How mathematicians think

Mathematics seems to be the epitome of rational thinking. You follow straightforward procedures and end up with an unassailable result. William Byers thinks otherwise. In How Mathematicians Think: Using Ambiguity, Contradiction, and Paradox to Create Mathematics he argues that in fact the development of mathematics is full of doubt and controversy.

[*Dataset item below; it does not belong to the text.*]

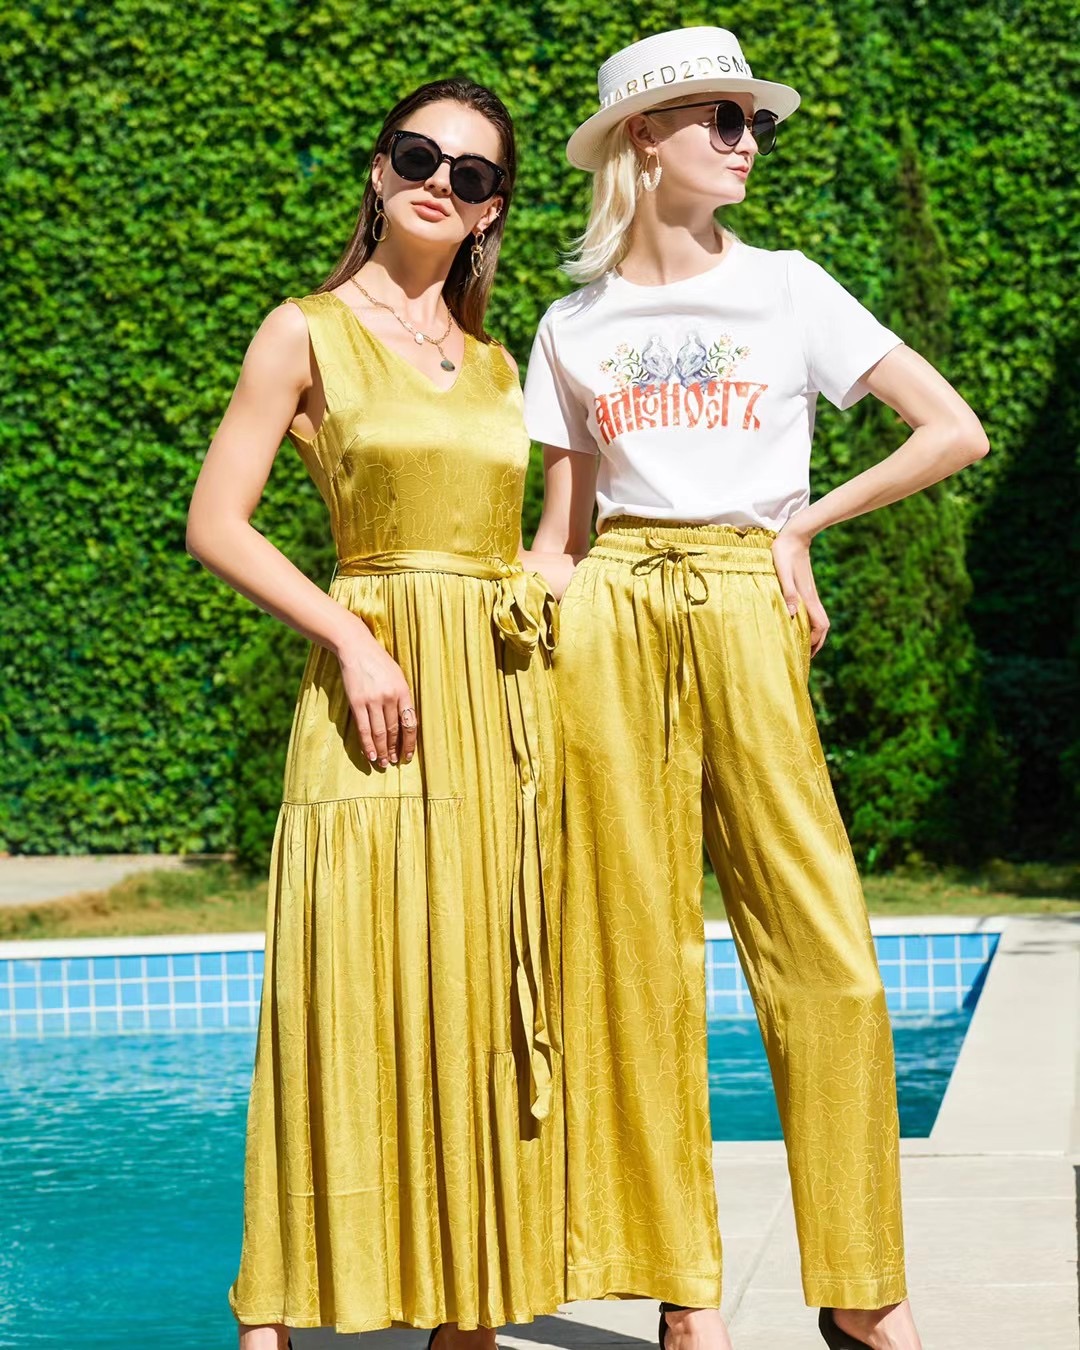 法国轻奢女装品牌ba&sh 带你领略夏日的艺术气息_凤凰网

The book gives plenty of examples of results that didn't seem to make sense. There's the irrationality of √2, the invention of non-Euclidean geometry and the paradoxes of self-reference. Even the introduction of zero to the number system took some getting used to. And there are any number of weird ideas that come from thinking about infinity. Byers argues that these caused consternation when they were first seen, and can still cause confusion when encountered by students today. These problems weren't aren't much solved, rather the decision is made to accept a workable resolution, and this leads to the opening up of new areas of mathematics.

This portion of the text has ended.